# hook-up and 12v electrics - advice needed?



## 96425 (Oct 2, 2005)

Hello

When you hook up to the mains, is it right that you still need the 12v electric switch on? Is it that the interios lights still run off the leisure battery but the mains is keeping the laisure battery topped up? 
Initially I thought when you used hook-up that you could switch the 12v off, but our interior lights go out when we do that!!

THanks

Chris & Steve


----------



## 88741 (May 9, 2005)

Not on my van you don't. No need to do anything but turn the 'main' switch on and everything works, lights just need their switches depressed, fridge select the mains icon and taps put normal rocker switch on. But it may depend on your individual van, but it does seem a bit odd to me that yours does not work on 230v


----------



## badger (May 9, 2005)

Dont know about your Hymer, but yes, in my van with the hook up connected, and the "charger switch on, I can get 12v from the charger direct. (the battery selector switch which says "van/cab and off) is in the off position. I believe the only mains power is to the fridge/water heater and sockets.

In the case of no mains power (no hook up) I select the appropriate battery (obviously the leisure battery) and the lights, are powered from the battery, rest is on Gas (except the sockets) :lol: :lol: :lol: 

Clear as mud innit


----------



## Scotjimland (May 23, 2005)

wolsrup said:


> When you hook up to the mains, is it right that you still need the 12v electric switch on? Is it that the interios lights still run off the leisure battery but the mains is keeping the laisure battery topped up?


 Hi Chris and Steve

When you go on hook up, the battery charger not only charges the battery but is also a power supply for the interior lights and 12 v sockets
On or off of hook up makes no difference to where the lights are fed from, the 12v switch will still isolate the lights.. ...unless you have 230 v lighting


----------



## Hymie (May 9, 2005)

*12v Switch*

Its quite normal
Our Hymer B614 is the same.
The 12v switch isolates all the 12v systems - so you need it on when you use lights etc even on 240v.


----------



## 91929 (May 1, 2005)

!2V switch turns ON/OFF all 12V things lights sockets

230V from hook up supplys the sockets, fridge, immersion heater (if fitted) and the charger for the leisure battry if the mains switch is on

The gas only supplies the fridge, cooker, oven (and in older models gas lights)

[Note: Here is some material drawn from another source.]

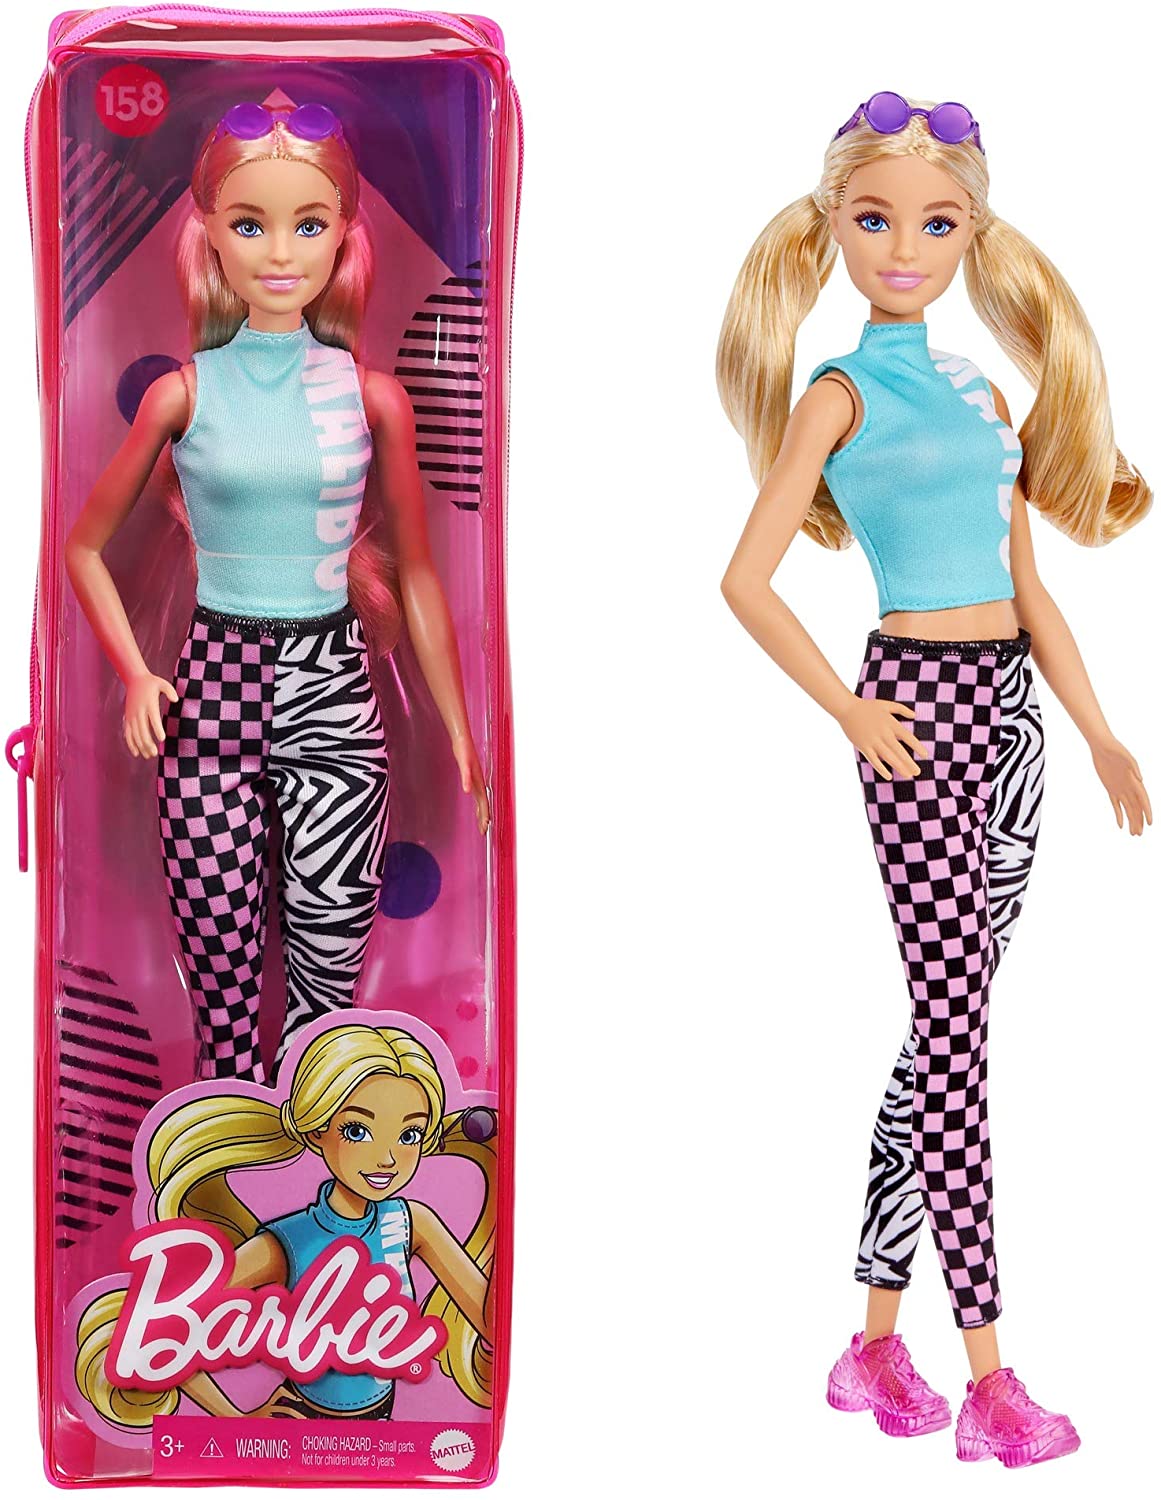 Barbie: Fashionistas Doll Assortment

Fridge will run of 12V ONLY WHEN ENGINE IS RUNNING

and WHEN badger gets his new invention working we MAY get an electric from the gas


----------



## trevorf (May 16, 2005)

Different manufactures all have their own way of doing things. On our first van you could switch off the battery when on hook up and everything would work but you needed to put the battery on for the fridge to run when travelling. 
On our current van everything runs off the battery and the mains hook up just charges it but no need to remember to switch battery on for the fridge to work !

Confused - yeah me too !!! 8O


----------



## philjohn (May 29, 2005)

As it has been said all manufacturers have there own way, however virtually all Motorhome interior lighting is 12 volt, otherwise you would need two sets of lighting for each station, one for hook up and one for non hook up


----------